Beware of wcstombs
Different character encoding schemes are a headache - a headache that is unfortunately not going away. wcstombs
(or related Microsoft secure functions, _wcstombs_s
and _wcstombs_s_l
) are your staple when translating between wide character and multibyte encodings.
However, wcstombs can have some very unexpected behaviour, when it comes to substitution characters. At least on Windows, this behaviour depends on the system locale.

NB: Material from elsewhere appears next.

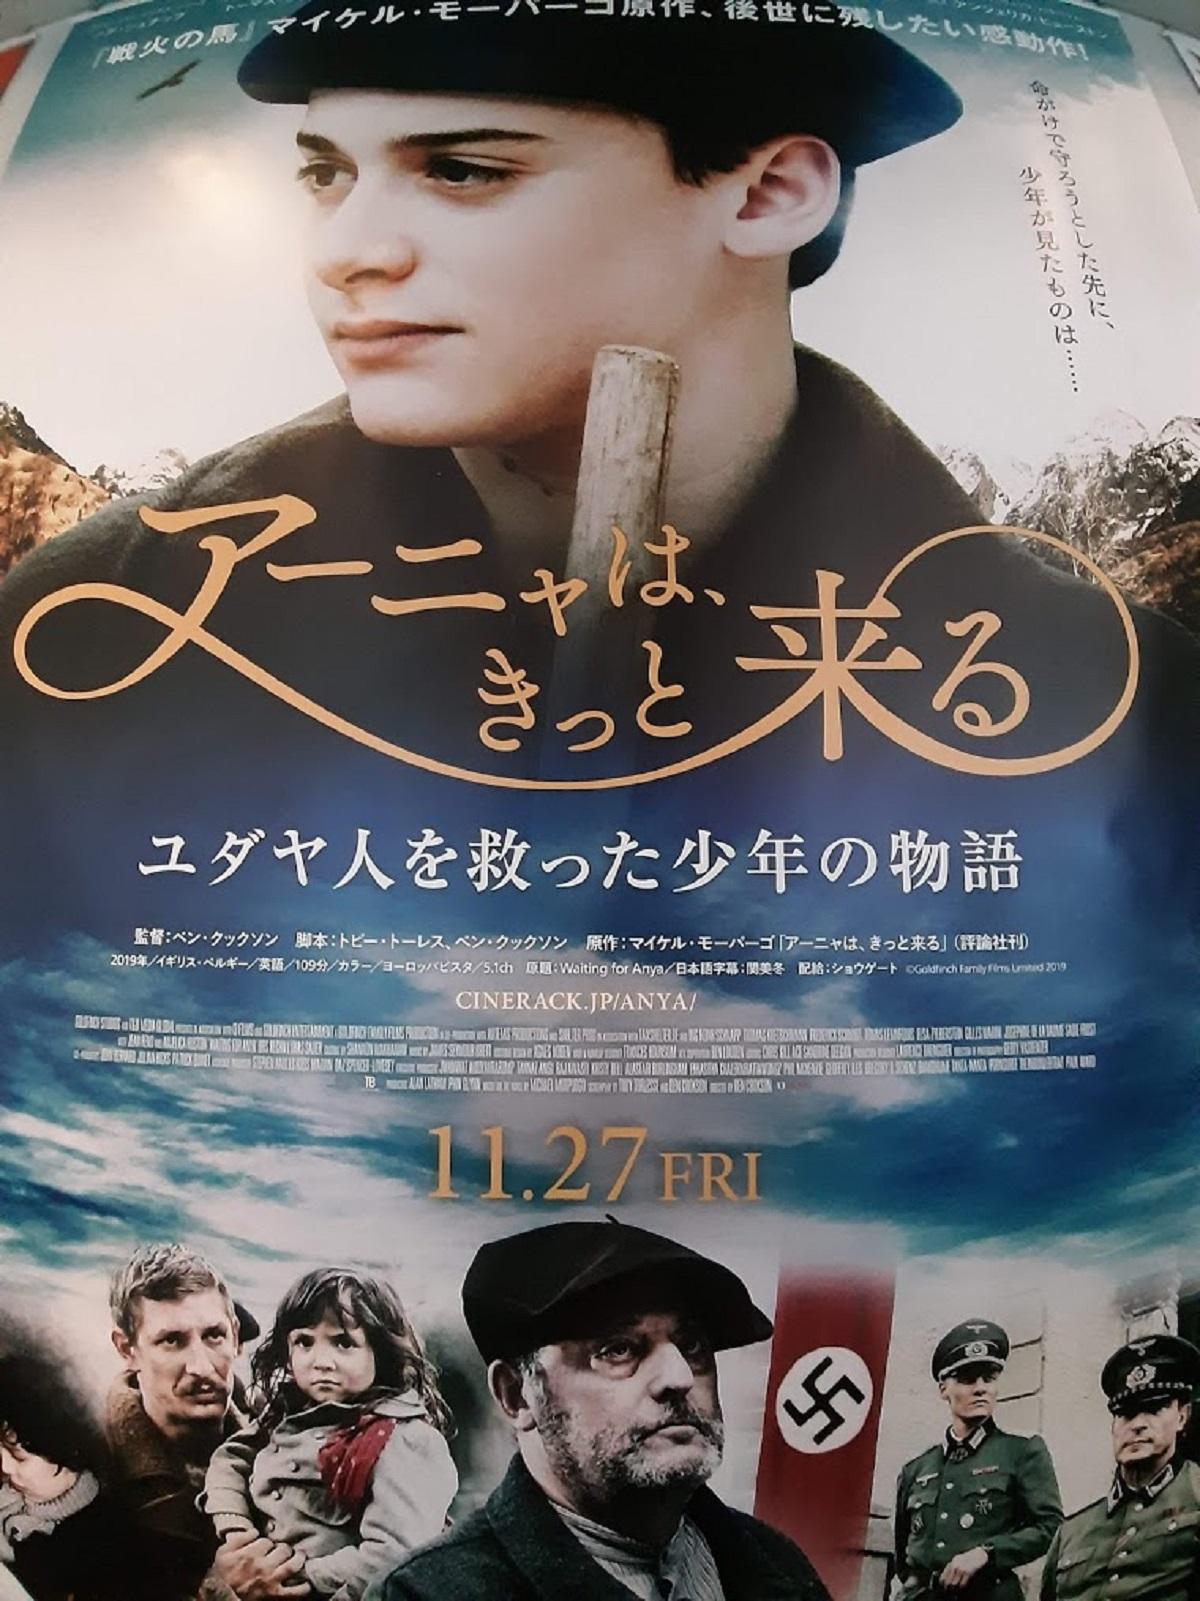 映画『アーニャは、きっと来る』のチラシポスター

What’s a substitution character? Consider the wide character string
wchar_t* str = L"Ê";
When will wcstombs
successfully convert the string? As you might expect, that will depend on whether there is a representation for Ê in the code page. Perhaps unexpectedly, for some code pages, Ê is converted to E. The function succeeds, but mbstowcs
will not convert back to the original string.
If this is a problem, use WideCharToMultiByte
with the flag WC_NO_BEST_FIT_CHARS
and check the return value for lpUsedDefaultChar
, for example,
wchar_t* strIn = L"Ê";
char strOut[2];
BOOL bUsedDefaultChar;
WideCharToMultiByte(CP_ACP, WC_NO_BEST_FIT_CHARS, strIn, -1, strOut, _countof(strOut), NULL, &bUsedDefaultChar);
if (bUsedDefaultChar) {
//Character not in code page
}